Each line below must be reproduced exactly as it stands. Pictures stay out of the copy.
··· Given data
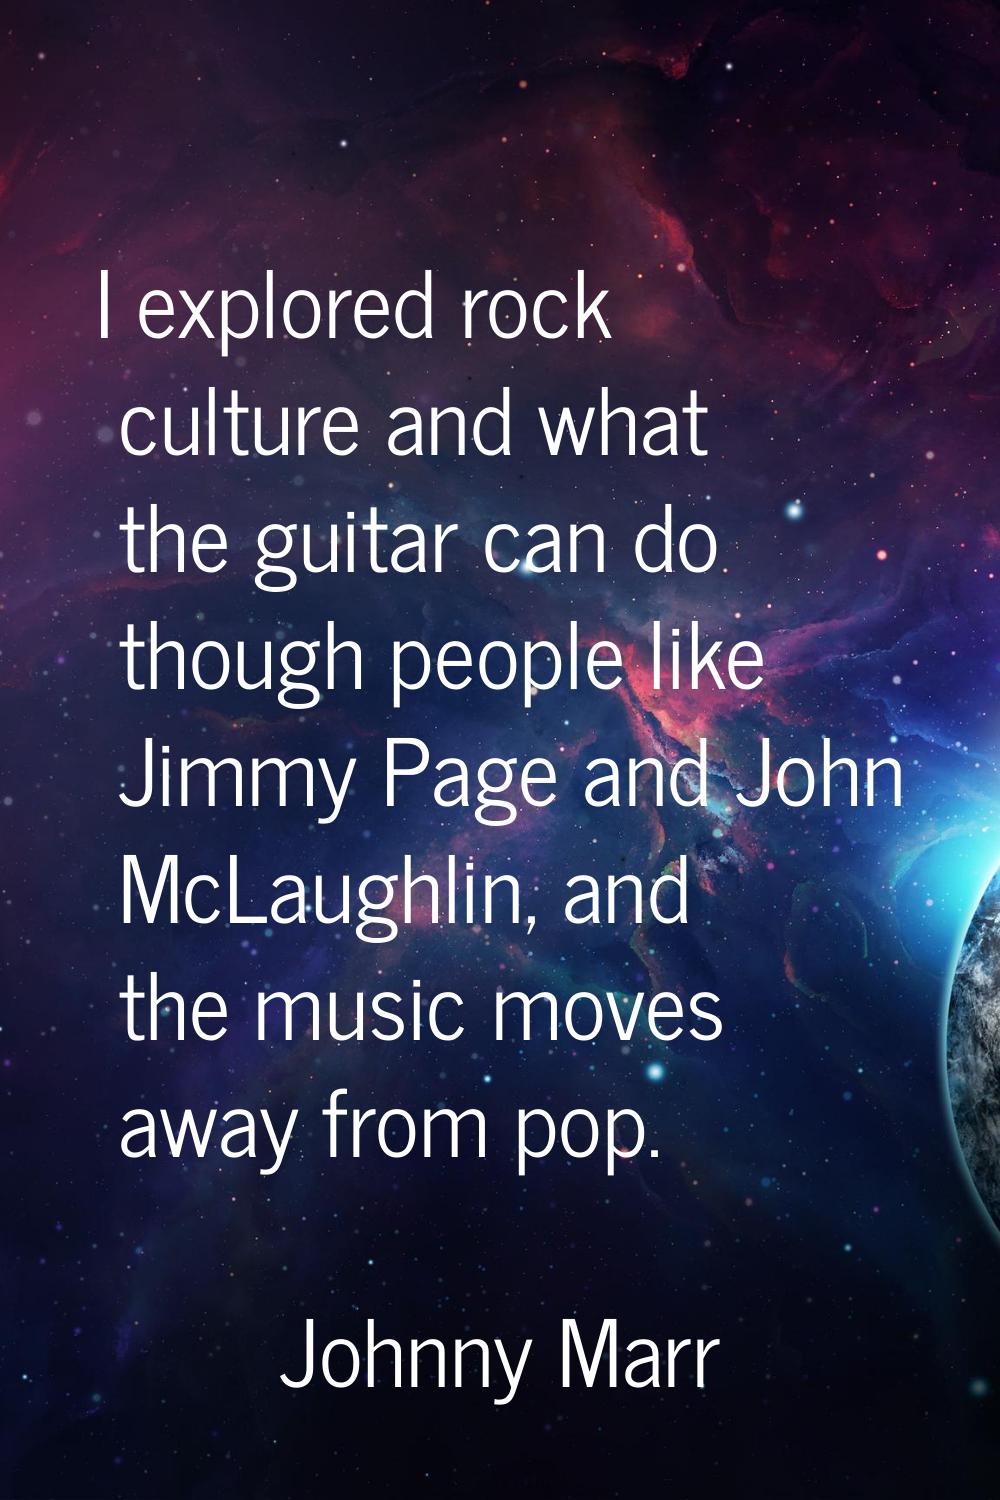 I explored rock culture and what the guitar can do though people like Jimmy Page and John McLaughli
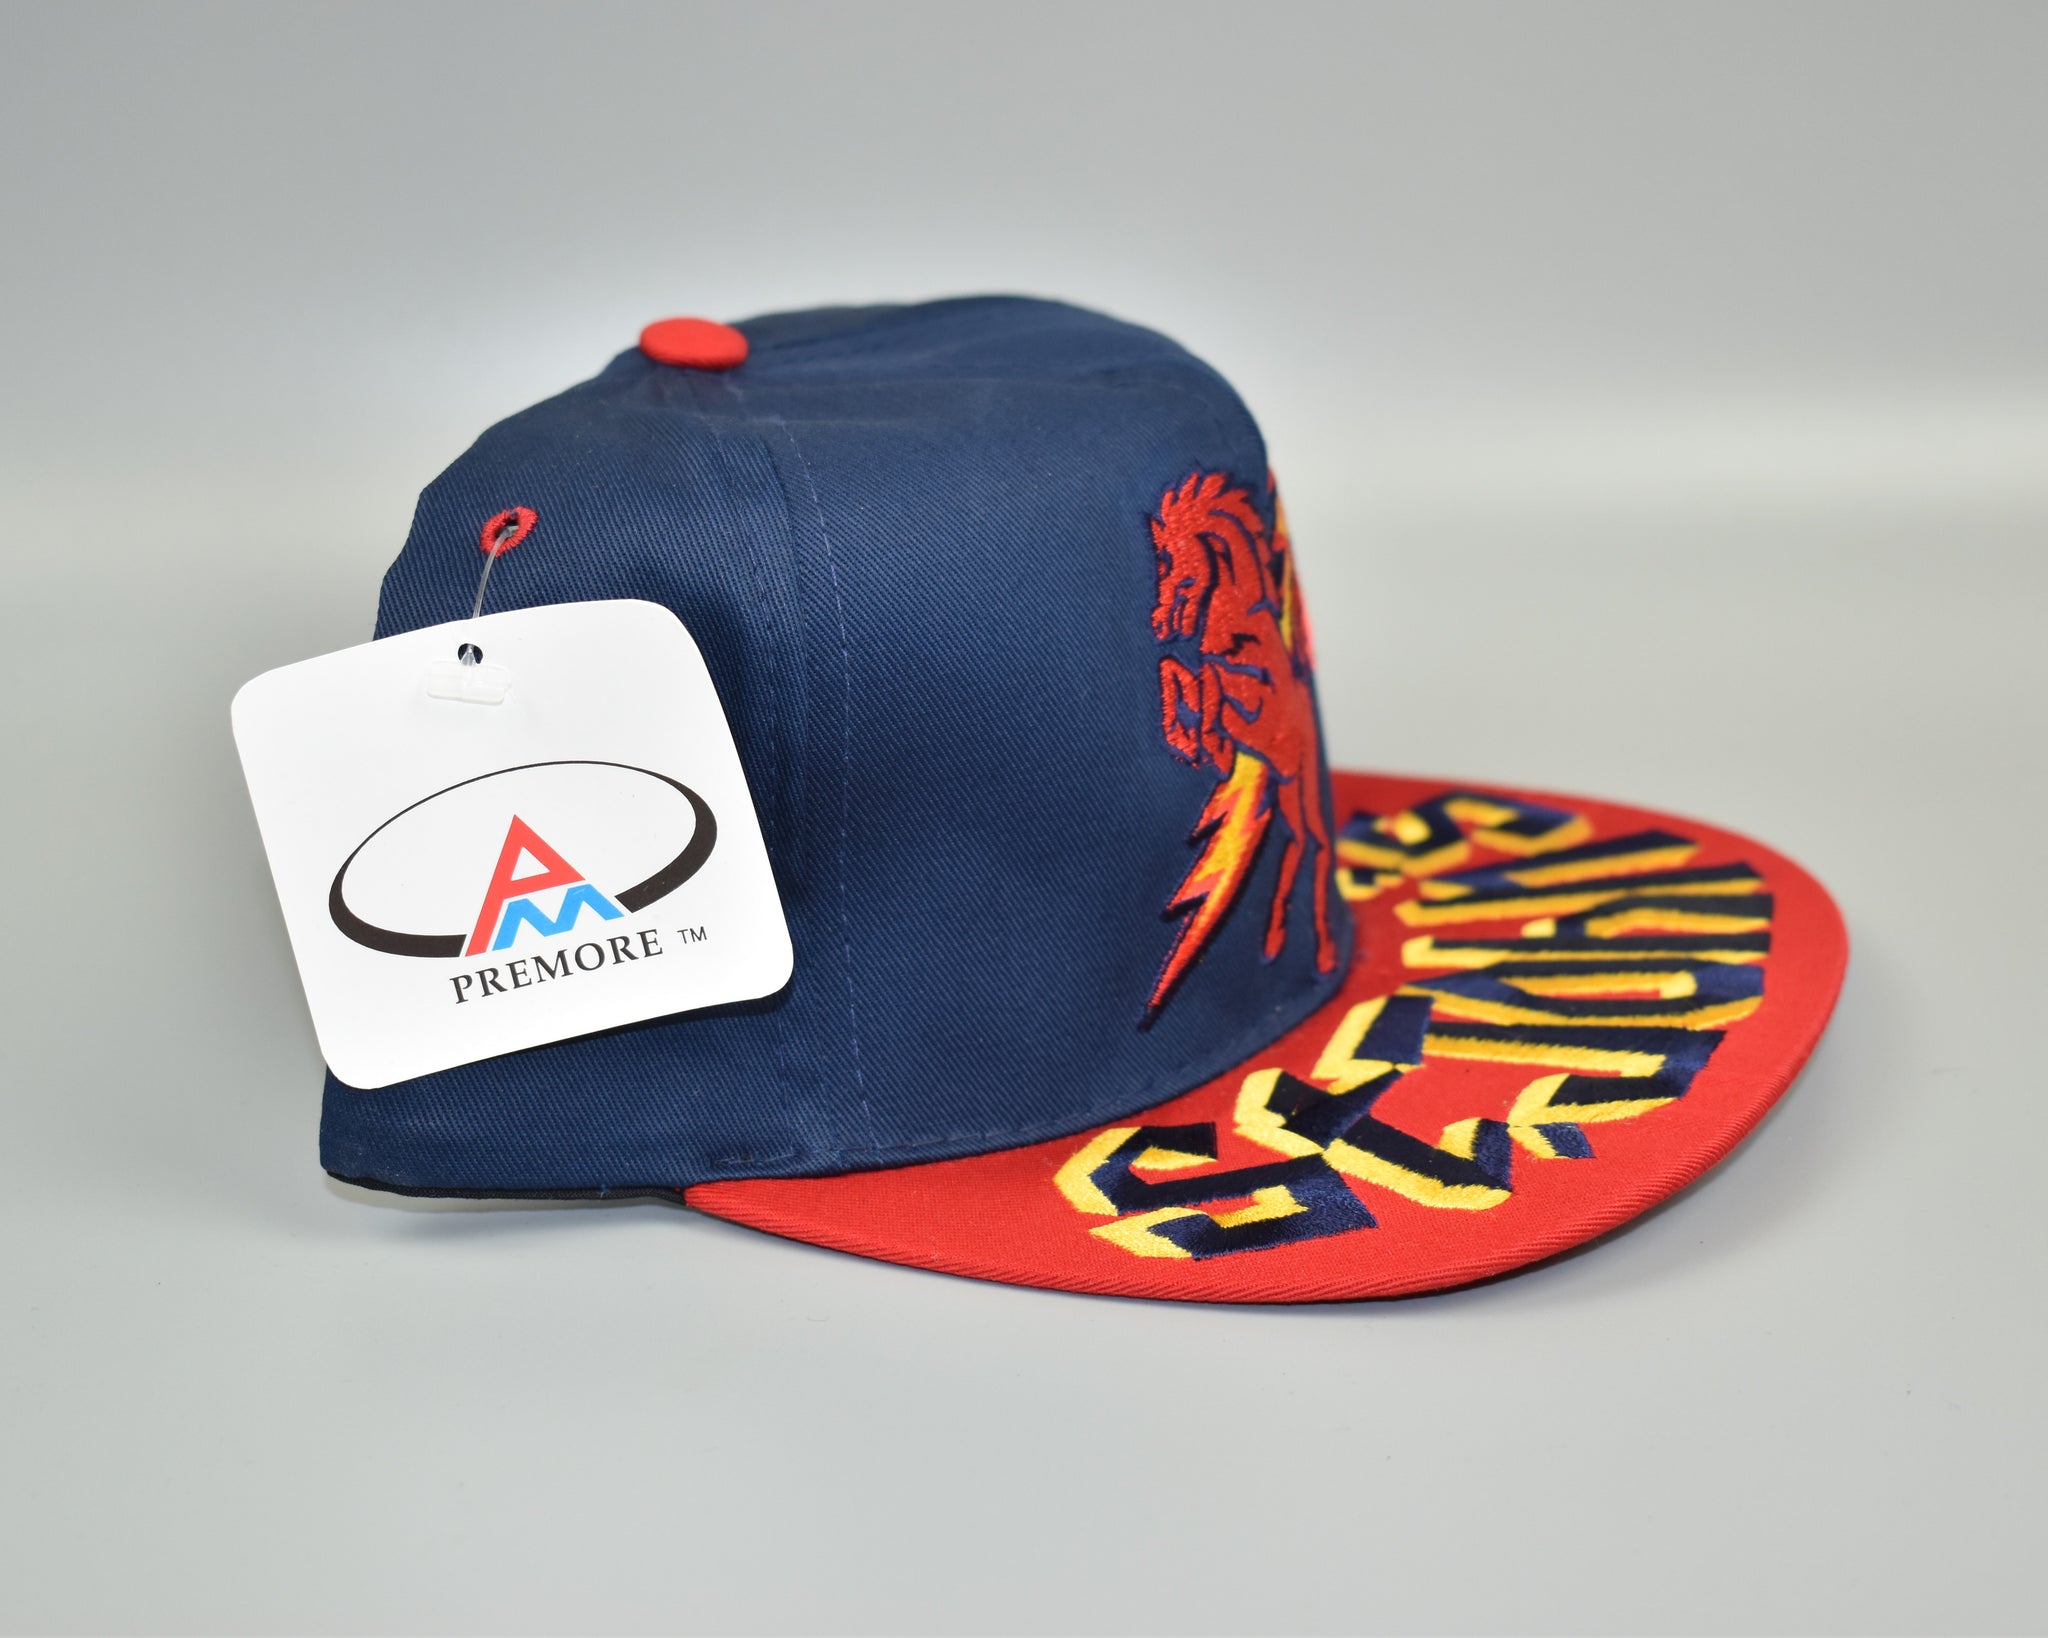 ICO Red Throwback Hat
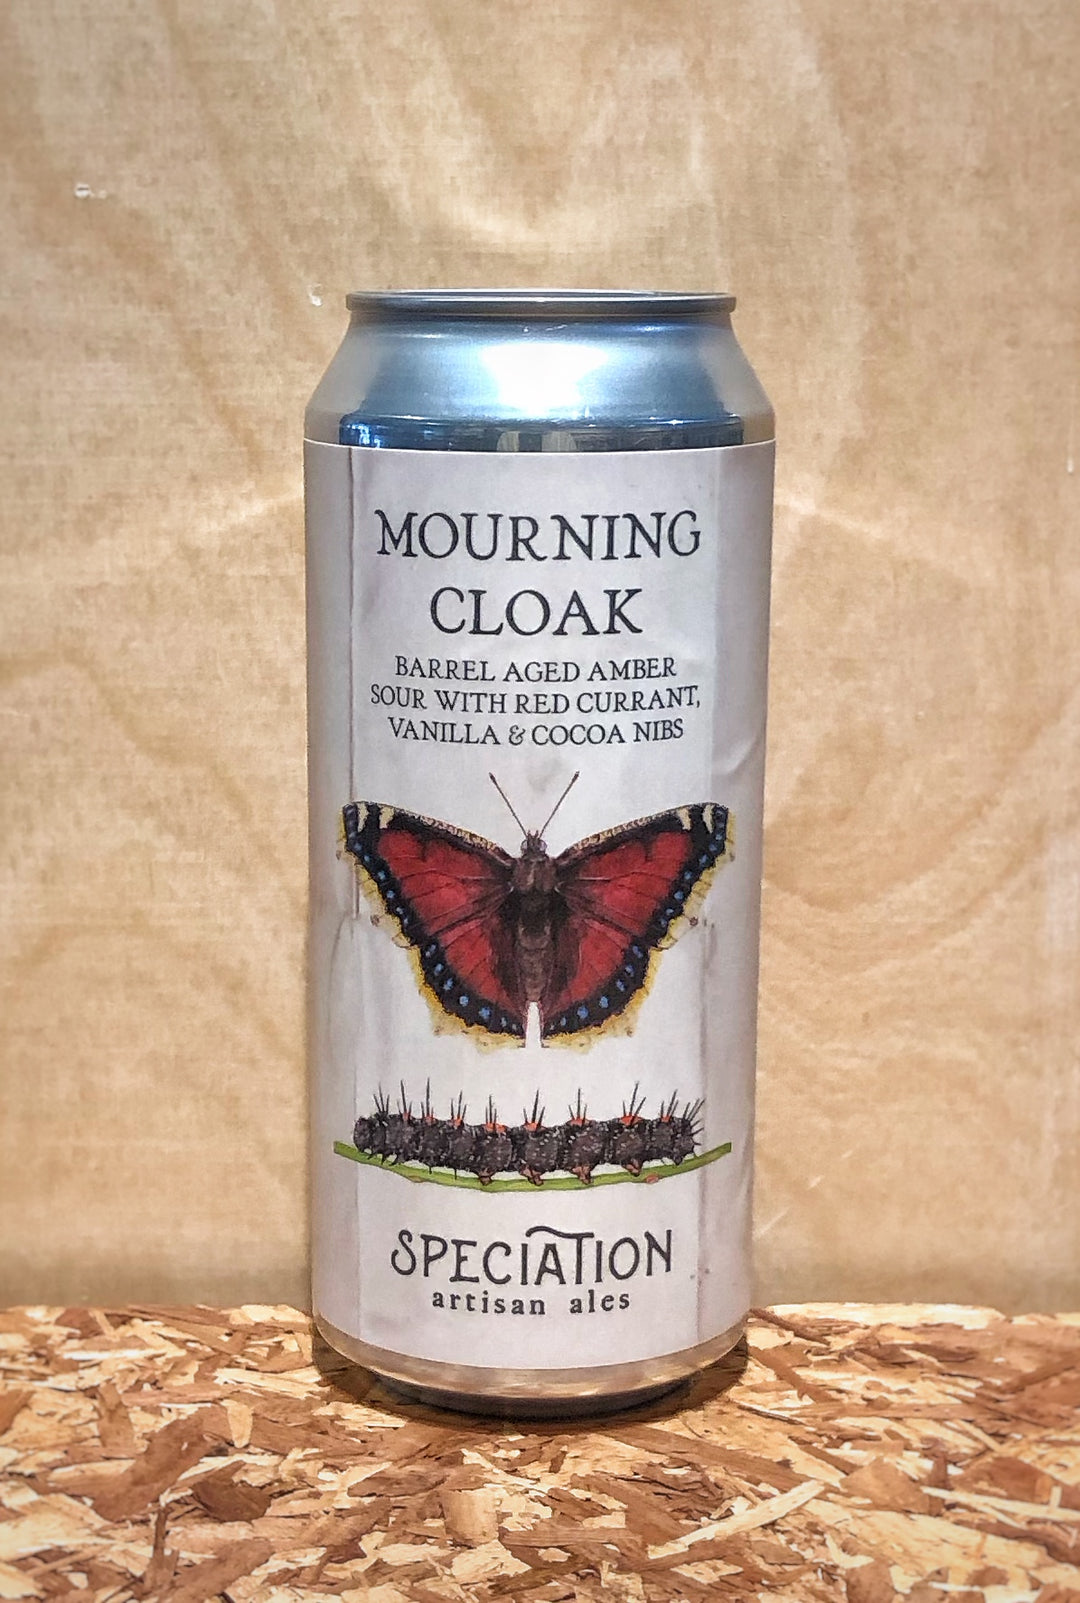 Speciation Artisan Ales 'Mourning Cloak' Barrel Aged Amber Sour with Red Currant, Vanilla, & Cocoa Nibs (Grand Rapids, MI)
······
Result of the task:
 I explored rock culture and what the guitar can do though people like Jimmy Page and John McLaughli
 ICO Red Throwback Hat
 Speciation Artisan Ales 'Mourning Cloak' Barrel Aged Amber Sour with Red Currant, Vanilla, & Cocoa Nibs (Grand Rapids, MI)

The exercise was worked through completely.